Пусть вам не будет одиноко средь люду и в родне. Пусть души встари не сделаются сугробами зимними. А и меня не поминайте лихом. Я любил вас. Всех. Шибче себя. То не от стари, от сердца сознаюсь. Только по вас страдать стану. Тому лишь Бог свидетель. Да сохранит он вас и помилует…»
Тимка докурил папиросу. Глянул на спящих кентов.
«Ни в какую «малину» не похиляю. Идите все к лешему! Мне дед зимовье завещал. Целую тайгу. Не хочу фартовать. И вам не советую. Жизнь, она как дерево. Покуда все верно, растет, цветет. А рубанул топором ошибки, хиреть начнет. Не всякую болячку одюжит. Не все пересилит», — подумал бригадир и, успокоившись, заснул под боком Цыбули.
Шли дни, недели, месяцы. Ревела над тайгою заполошная сумасбродка-пурга. Она пеленала зимовье в толстенный сугроб. Заносила снегом петли и капканы. Надежней лома подпирала дверь зимовья, затыкала печную трубу снегом. И промысловики, проснувшись, порою не могли понять, ночь в тайге или утро.
Словно из склепа, выбирались из зимовья и благодарили судьбу, что не замерзли, не задохнулись в избе.
В такие дни выходить в тайгу никто не решался. Да и какой смысл искать зверя, загнанного пургой под глубокий снег? И тогда подолгу текли в избе разговоры о прошлом и будущем. О настоящем дне думать не хотелось.
— У Филина баба на сносях. К концу весны родит. Повезло кенту. Ему фортуна улыбнется. Он самый большой навар снимет. Отцом заделается. Пацан через пару зим оседлает его, — улыбнулся Тимка.
— Припоздал сопливым обзавестись. Родить родит, а растить кто станет? Баба к тому ж молодая. Ну, потешится еще пяток лет, а дальше что? — спросил Угорь, прищурясь, и ответил сам себе: — Я бы на его месте не рисковал.
— Потому ты на своей жопе сидишь. Здесь, в зимовье. А он — в селе. Человеком -дышит. Сам себя и бабу держит. Без фарта обходится. И ништяк… В дела не тянет, — оборвал бригадир.
— Фартовых рано иль поздно судьба наказывает за откол. Да только поздно понимают. С «малинами», как с погостом, коль влип, не развяжешься, — не сдавался Угорь.
— Иди к хренам! Сколько законников завязали с «малинами» только на моей памяти? Счету нет. Всех мокрить — стопорил не хватит. Сплошные жмуры валялись бы по северам. Разуй буркалы — все дышат. И забили на фарт. И ты — не транди! — разозлился Тимка.
— А ты кентов тряхни: куда лыжи навострят после мори- ловки?
— Чего дергаться? Я не хочу наперед мозги сушить. Вон Кот. С ксивами, вольный, а не пофартило. Выйду, тогда надумаю, — отмахнулся Скоморох.

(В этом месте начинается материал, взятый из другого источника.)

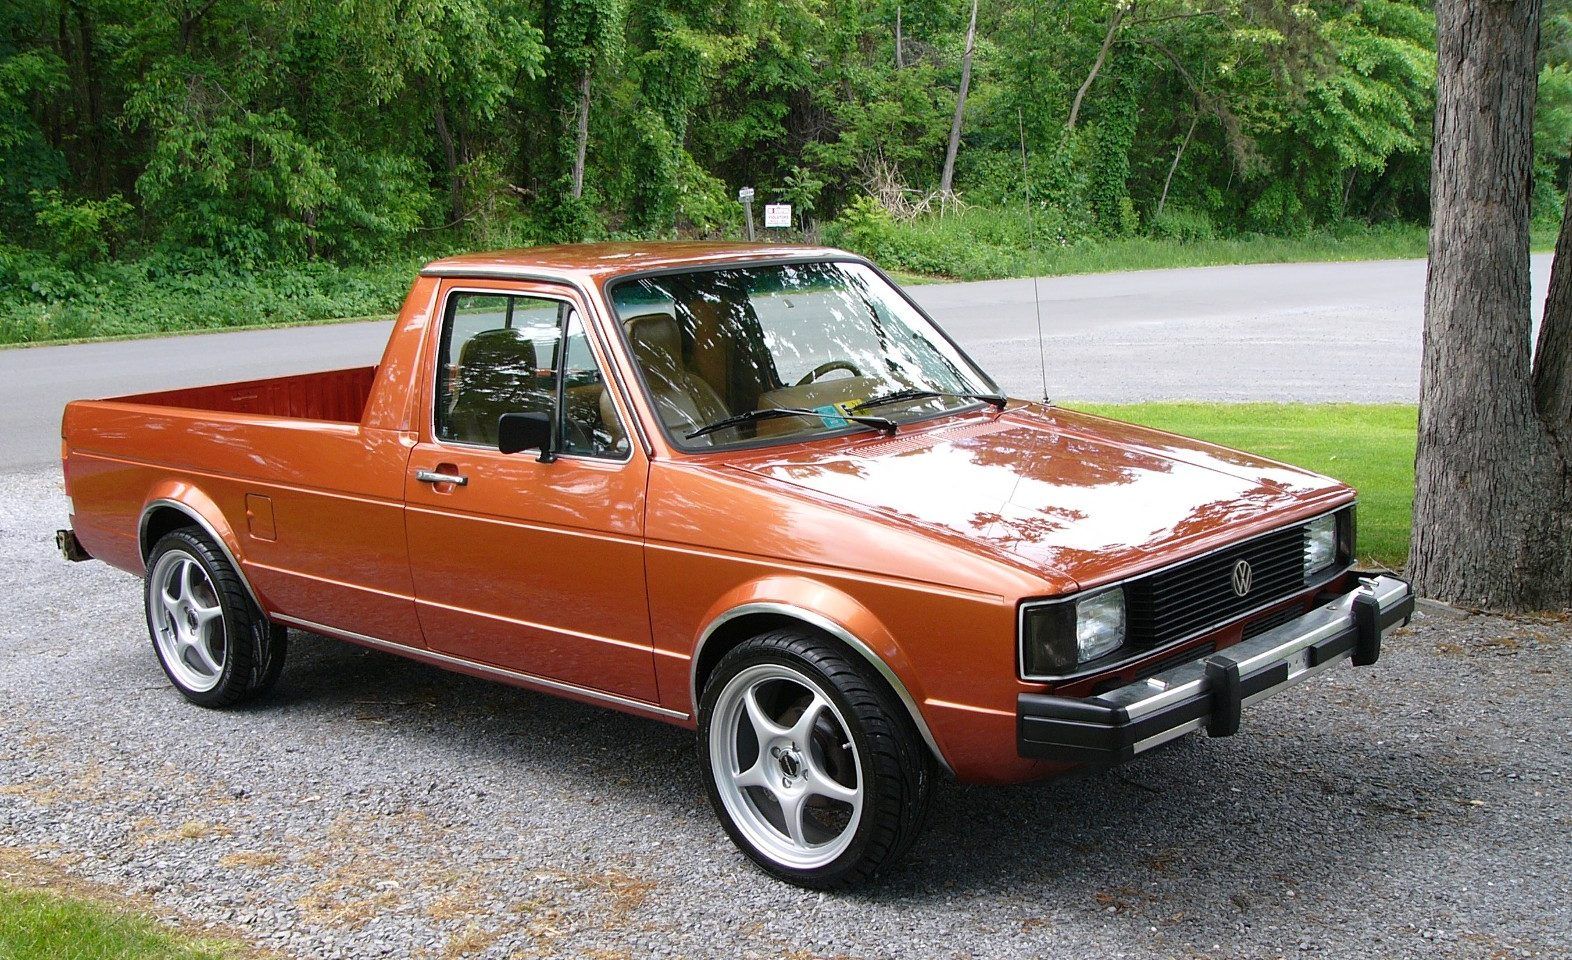 VW-Caddy
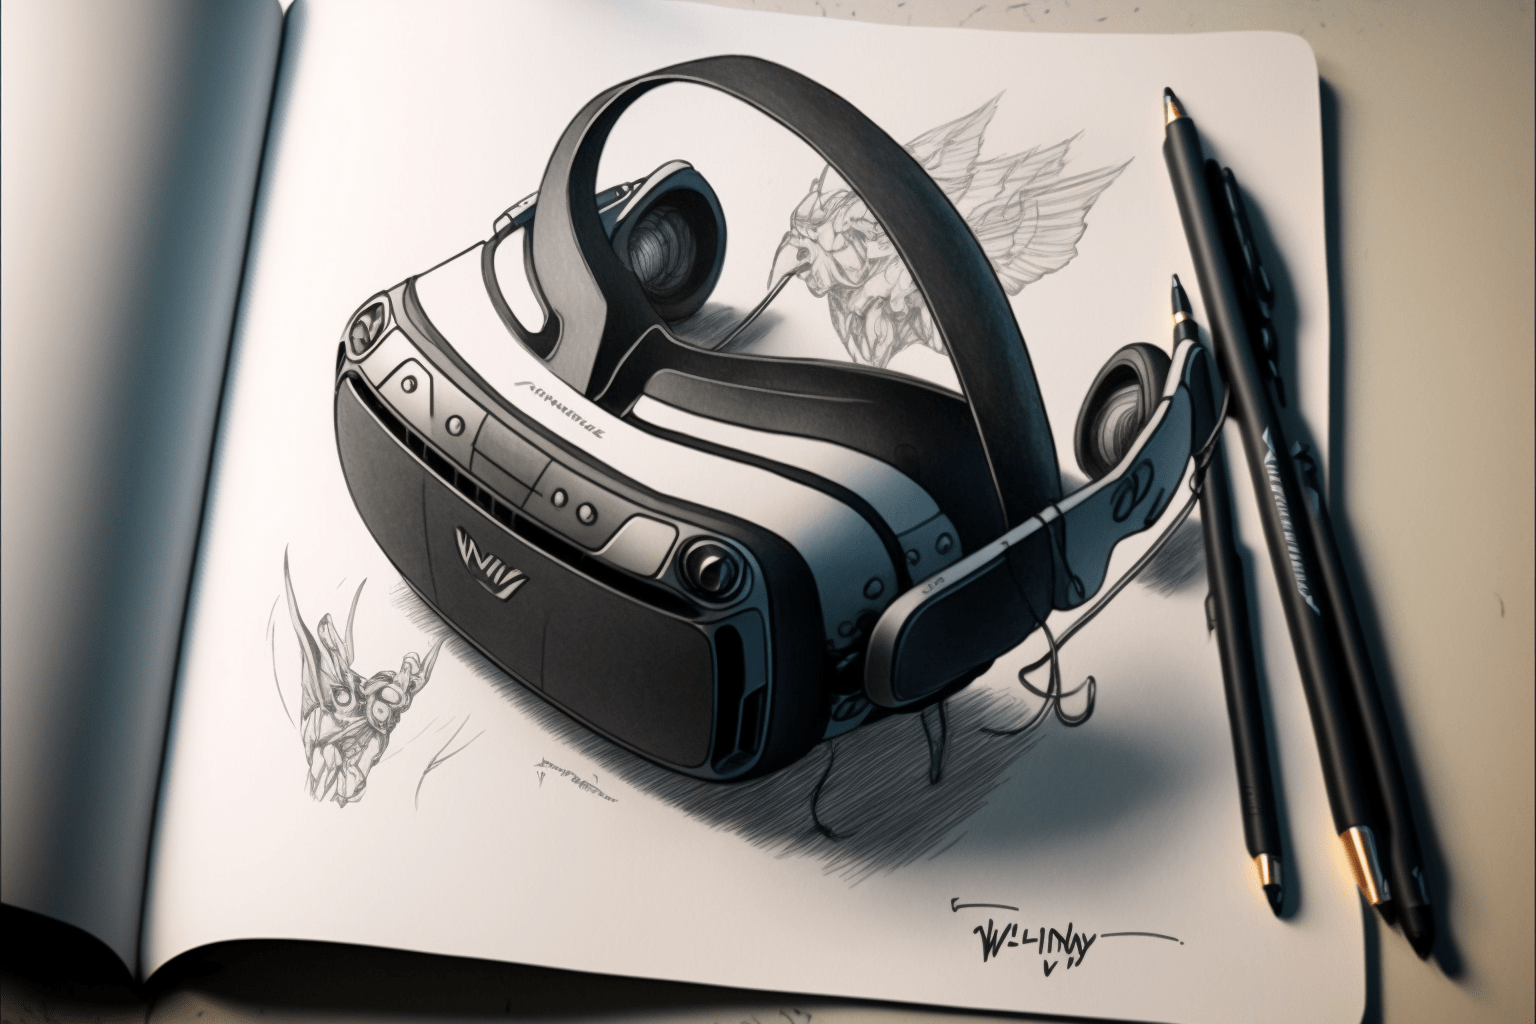 Valves nächste VR-Brille: Weshalb mich Deckard kalt lässt

— А мне не больше других надо. И фартовые жмурятся. За всяким сввя погибель ходит. Хоть за законником иль фраером. Так надоело по чужим хазам затыриваться и дышать шепотом, одной задницей. Чтоб не накрыли. В дело сходишь, год кайфуешь. А в ходке десять зим паришься. Сколько мне фортуна дала? Не больше; чем фраерам отведено. Но они — дышат, не ссут легавых. А мы? Блефуем себе. Хорохоримся. А потом на нарах дохнем, как последние падлы, — отмахнулся Цыбуля.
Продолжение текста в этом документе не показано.